In sum, we posit that when individuals encounter extremely high attribute values, a natural basis for categorization is whether an item is perfect or not. If an item with a perfect attribute or rating is categorized separately, the evaluative distance between it and a near-perfect item will be exaggerated. Four experiments document this perfection premium in decision making and social perception contexts and implicate categorization as an underlying mechanism for this effect.
Study 1
Study 1 provides an initial demonstration of the perfection premium. Given that companies routinely make claims about their products’ perfect (e.g., “all-natural ingredients,” “100% juice”) or near-perfect (e.g., “99.44% pure,” “98% aloe vera”) performance or attributes, we utilize a decision-making context for this study.
Method
Across studies, we analyzed the data after all responses were collected, and we report all data exclusions, manipulations, and measures related to our hypothesis testing. Manipulations and measures for all studies appear in the Supplementary Online Appendix. Data and code for all studies are available on Open Science Framework (OSF, https://osf.io/y2p3b/ ). Sample sizes were determined in advance based on logistical and financial constraints.
Participants were 450 people (60.2% female, M age = 43.35 years) recruited through a paid online panel (Dynata). The instructions informed participants that they were planning to bake a dessert and were considering two bars of unsweetened baking chocolate, Baking Bar A and Baking Bar B. Bar A was priced 20 cents lower than Bar B ($3.65 vs. $3.85). However, Bar B always contained exactly one percentage point more of pure ingredients, creating a price–quality trade-off.

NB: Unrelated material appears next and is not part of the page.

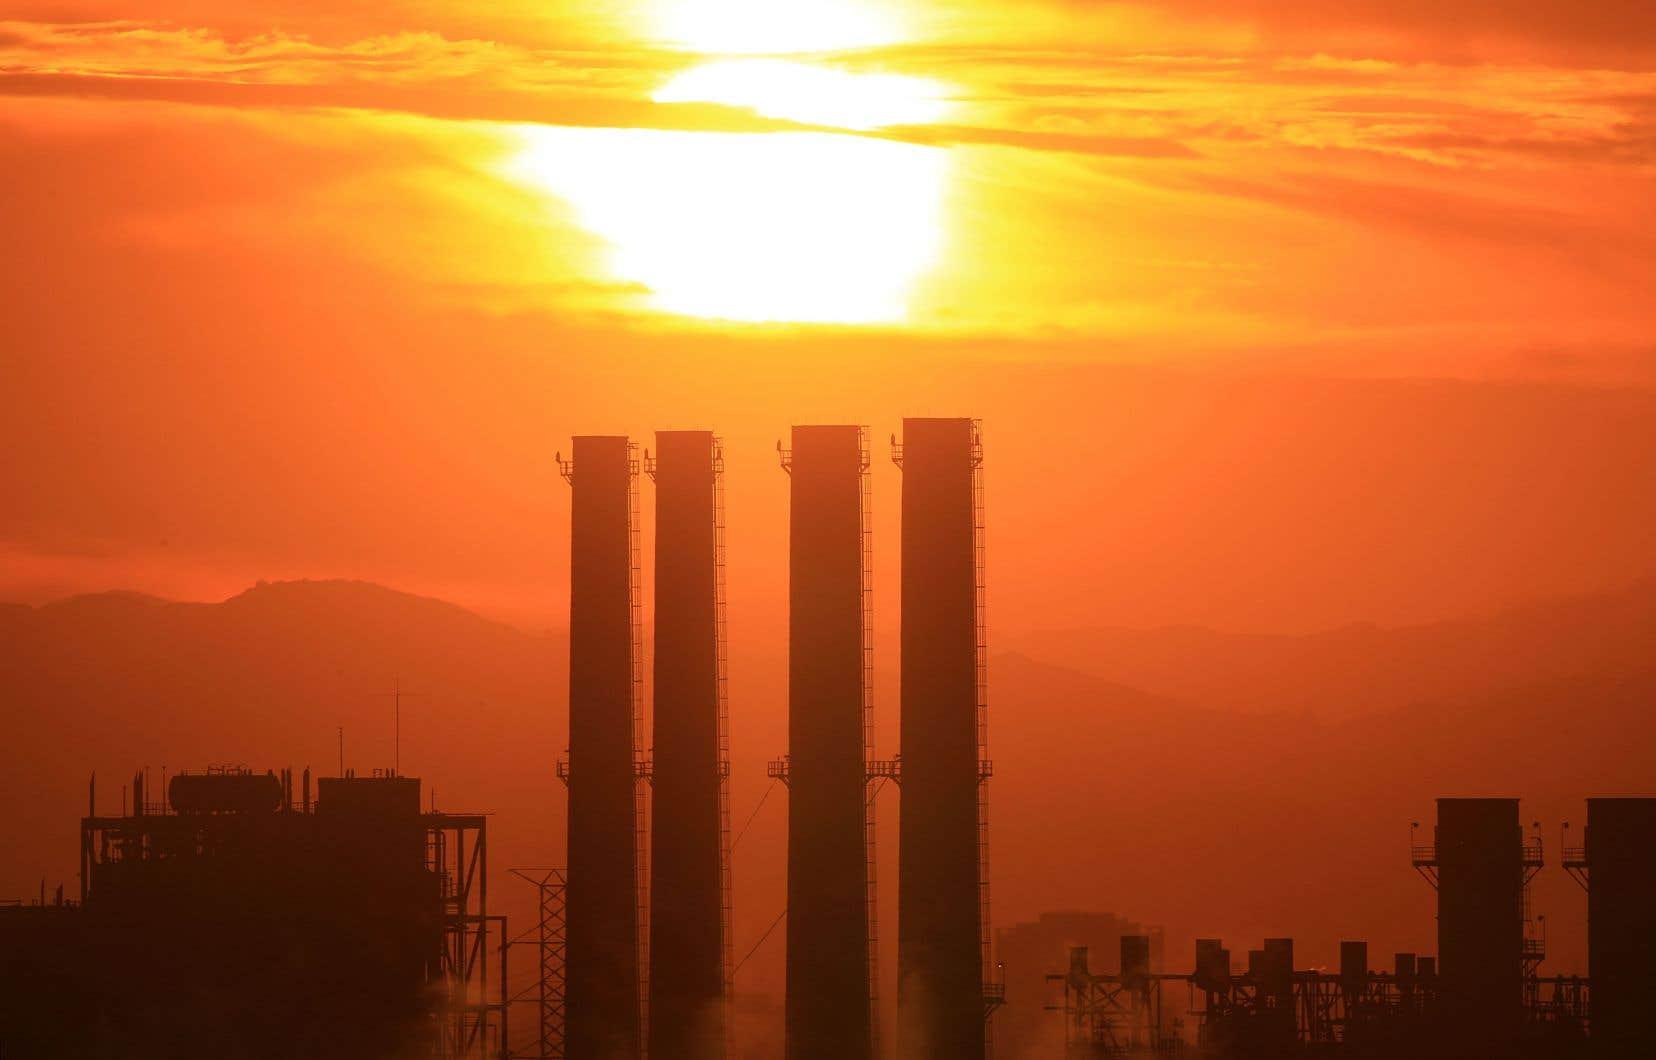 Les gaz à effet de serre, à l'origine des changements climatiques, ont franchi de nouveaux pics de concentration dans l'atmosphère en 2017.
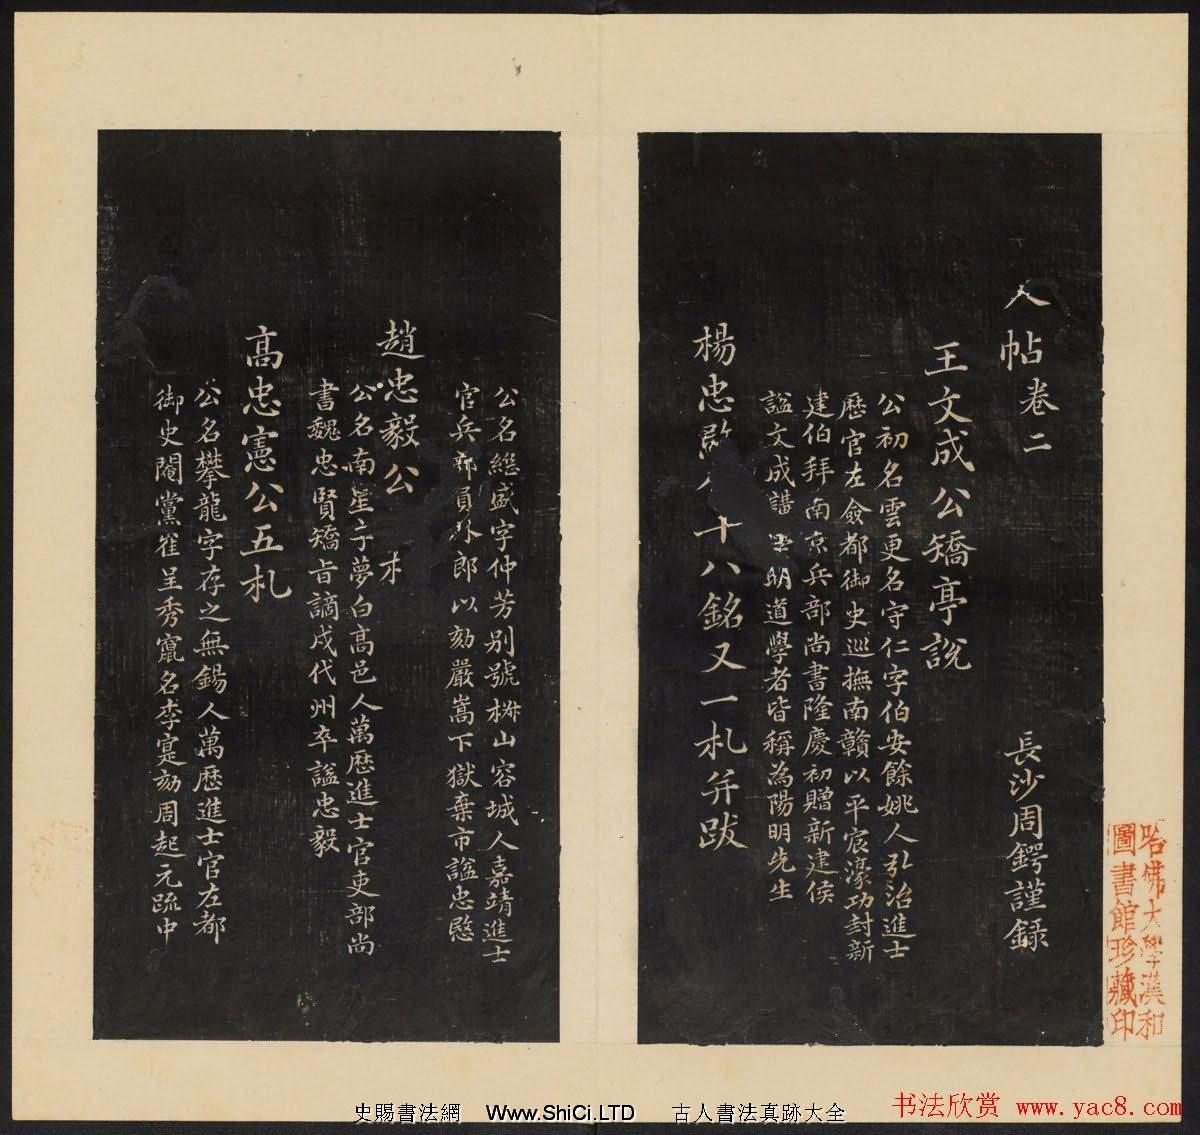 哈佛大學圖書館藏《人帖》卷二(共32張圖片)

Participants were randomly assigned to one of three conditions. Those in the perfect condition read that Bar A contained 99% pure ingredients, but Bar B contained 100% pure ingredients. In the higher of the two near-perfect conditions, Bars A and B were 98% and 99% pure, respectively. In the lower of the two near-perfect conditions, Bars A and B were 97% and 98% pure, respectively. Thus, in terms of purity, the superior option (i.e., Bar B) attained perfection in the perfect condition but not in the two near-perfect conditions.
First, participants indicated which chocolate bar they would choose when baking the dessert. Subsequently, they reported how strongly they would prefer either Bar A or B on a sliding scale (0 = strongly prefer Bar A, 100 = strongly prefer Bar B). Finally, participants were asked to explain the rationale for their answers in a text box.
Results
Across conditions, participants exhibited a general preference for Bar B (i.e., superior purity, but more expensive) over Bar A, as reflected by the overall choice shares of 59.3% and 40.7%, respectively, χ2(1) = 15.68, p < .001, ϕ = .19. More germane to our theorizing, we predicted that participants would exhibit a relatively greater preference for the superior Bar B when it was perfect versus when it was near-perfect. Consistent with this prediction, a χ 2 test of independence returned a significant effect of condition on choice share, χ2(2, N = 450) = 8.44, p = .015, ϕ = .14. Bar B was chosen by 67.5% of participants in the perfect condition, as compared to 51.0% of participants in the higher near-perfect condition, χ2(1, N = 298) = 8.44, p = .004, ϕ = .17, and 59.2% of participants in the lower near-perfect condition, χ2(1, N = 303) = 2.27, p = .13, ϕ = .09.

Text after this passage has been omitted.